## EXERCISE DESCRIPTION
Line by line, transcribe the data below exactly and pass over the images.

## INFORMATION SHOWN
BEGIN

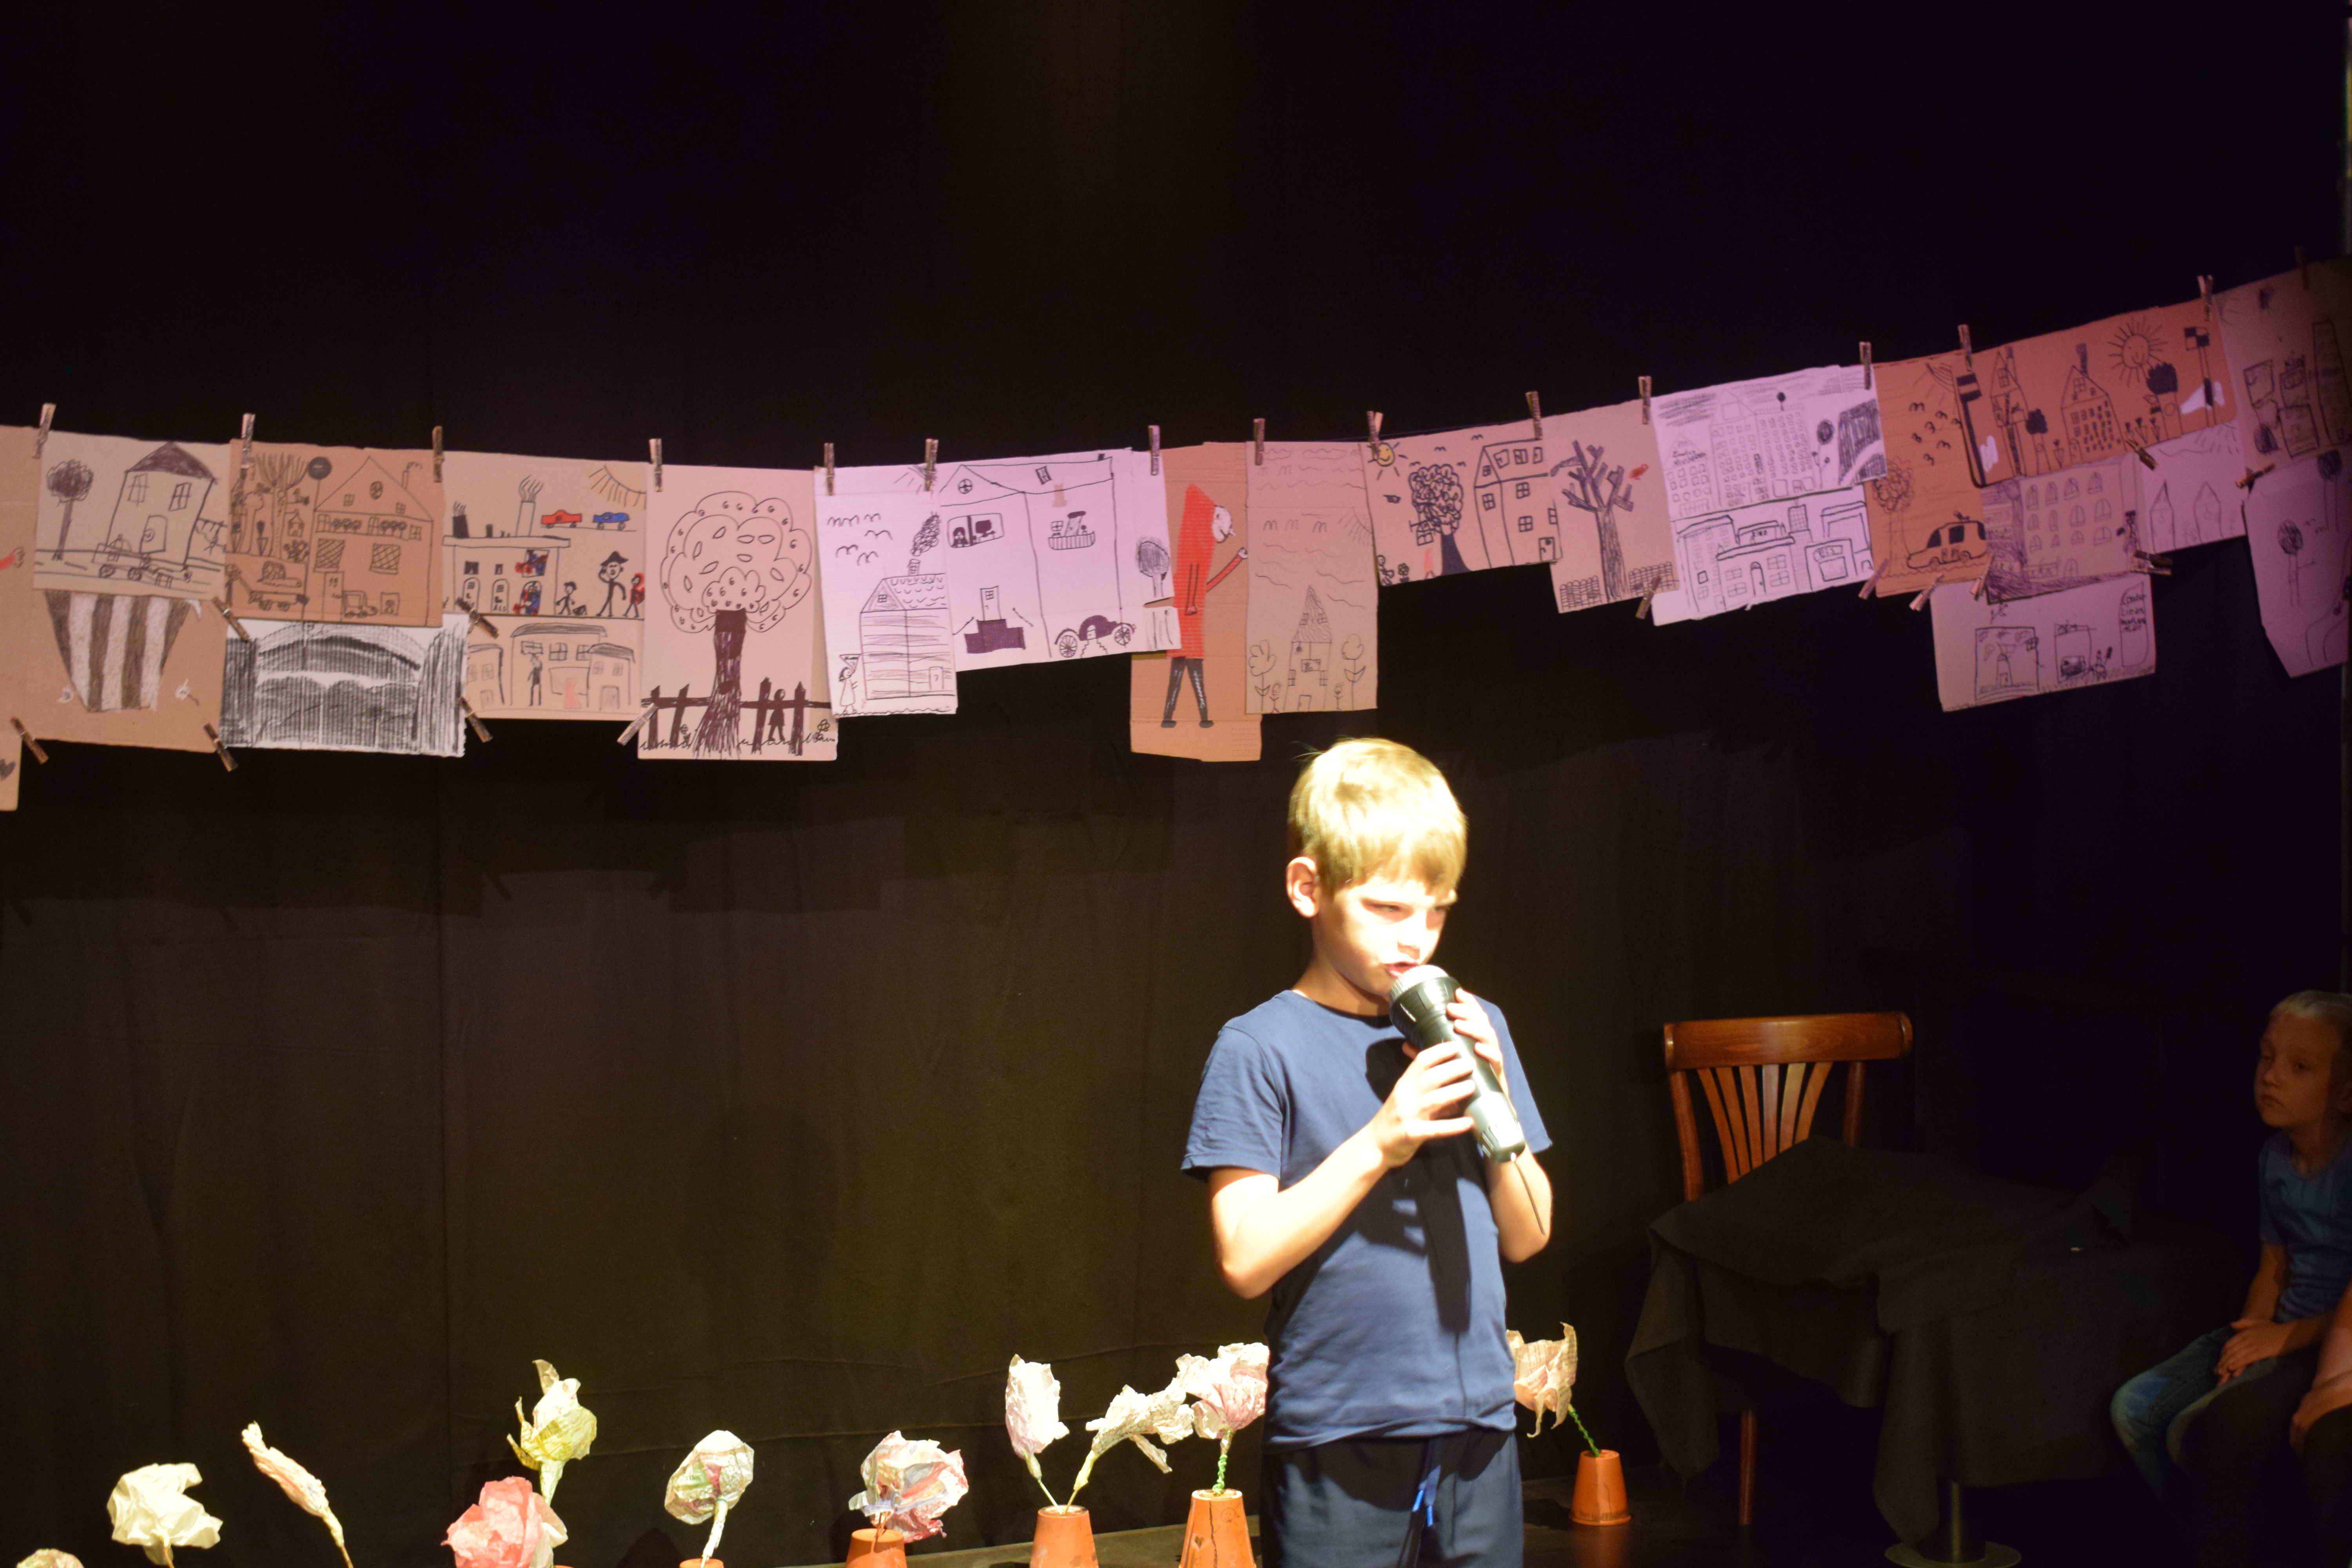 Ein etwa siebenjähriger Junge steht auf der Bühne mit einem Mikrophon in beden Händen. Über ihm sind Kinderzeichnungen an einer Schnur aufgereiht. Hinter ihm stehen im unteren Bildbereich umgedrehte Blumentöpfe, in denen gebastelte Papierblumen stecken. Rechts zeichnen sich im Dunkel zwei Kinder an, die den Jungen anschauen.
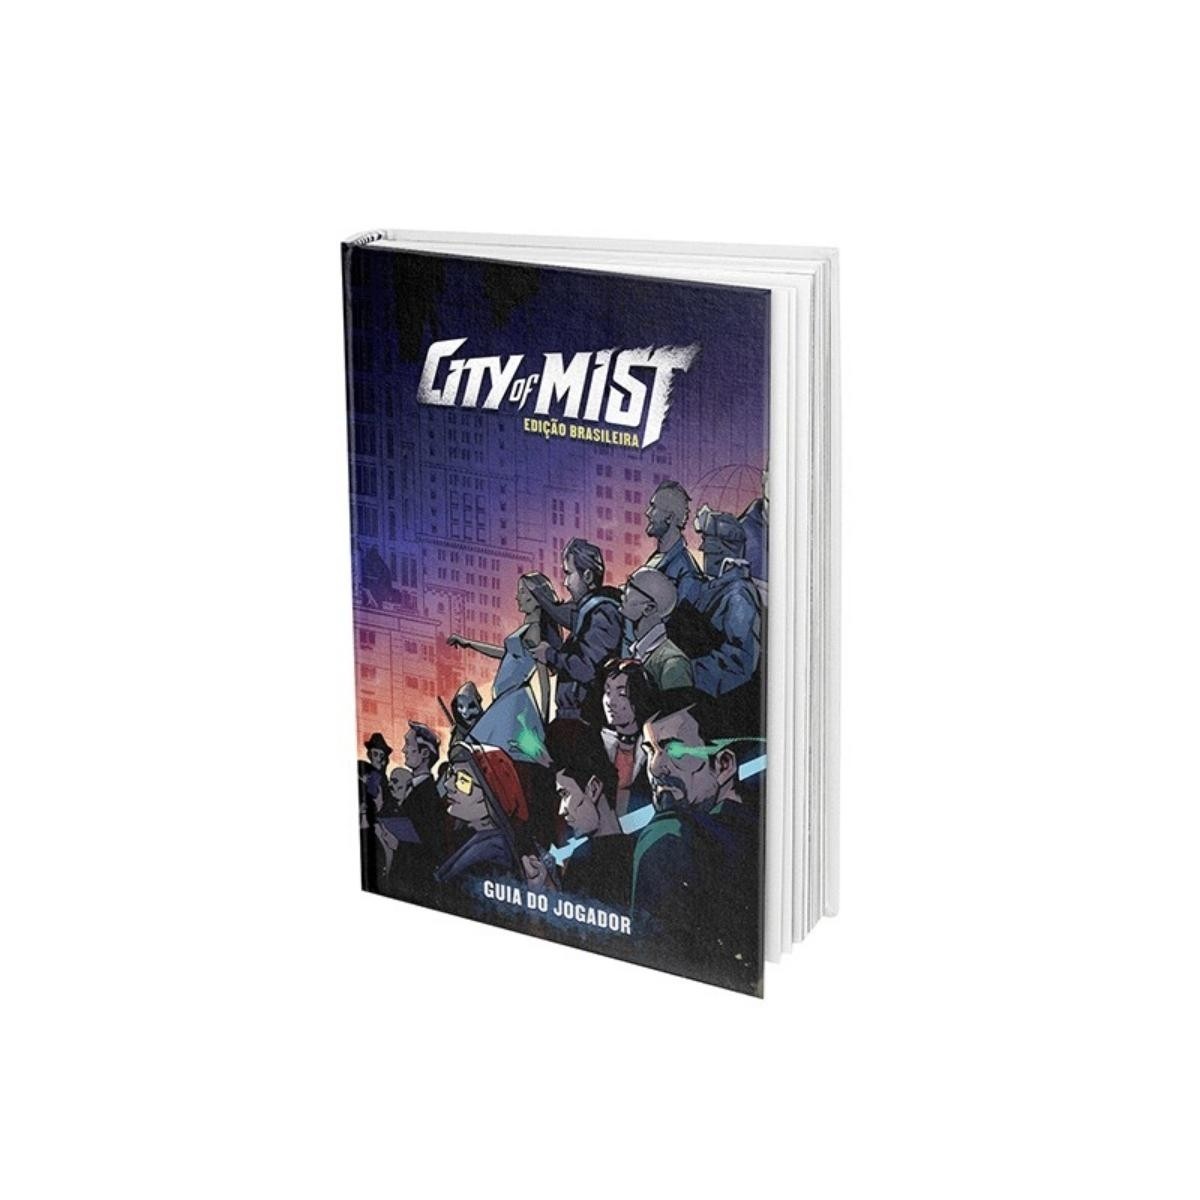  City of Mist: Guia do Jogador Ed. Brasileira - RPG - Retropunk 
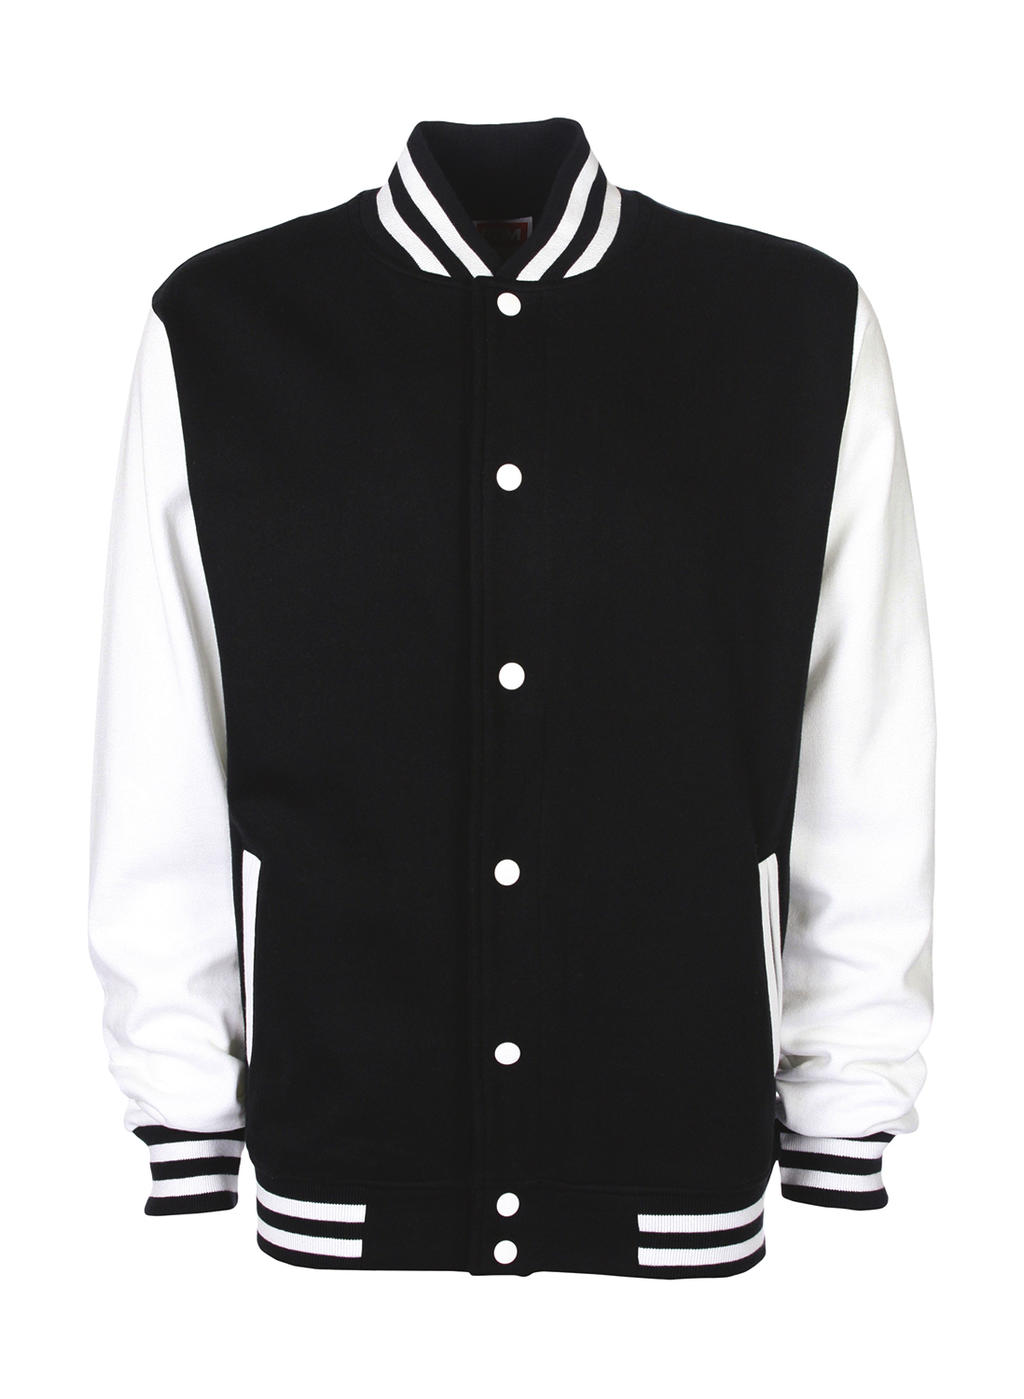  Varsity Jacket in Farbe Black/White
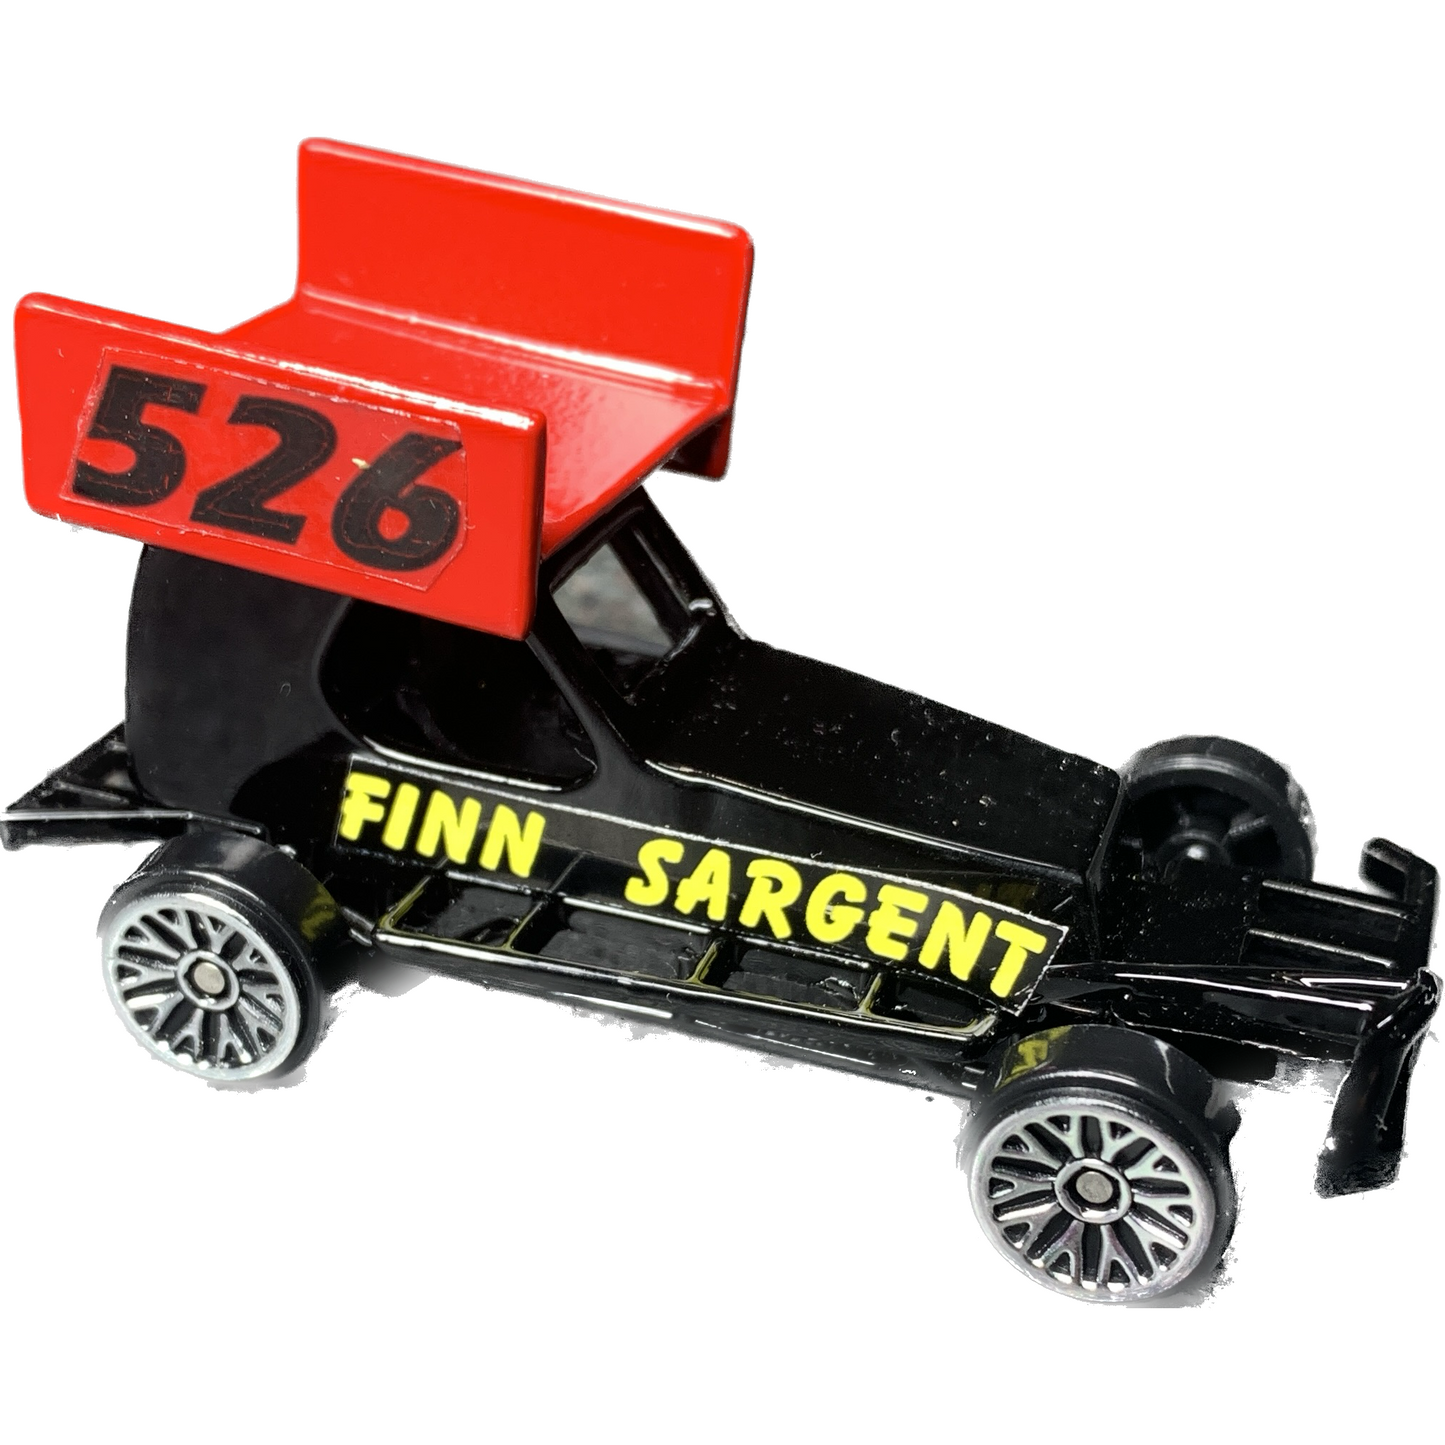 #526 Finn Sargent

END

## SOLUTION FOR THIS PROBLEM
 Ein etwa siebenjähriger Junge steht auf der Bühne mit einem Mikrophon in beden Händen. Über ihm sind Kinderzeichnungen an einer Schnur aufgereiht. Hinter ihm stehen im unteren Bildbereich umgedrehte Blumentöpfe, in denen gebastelte Papierblumen stecken. Rechts zeichnen sich im Dunkel zwei Kinder an, die den Jungen anschauen.
  City of Mist: Guia do Jogador Ed. Brasileira - RPG - Retropunk 
  Varsity Jacket in Farbe Black/White
 #526 Finn Sargent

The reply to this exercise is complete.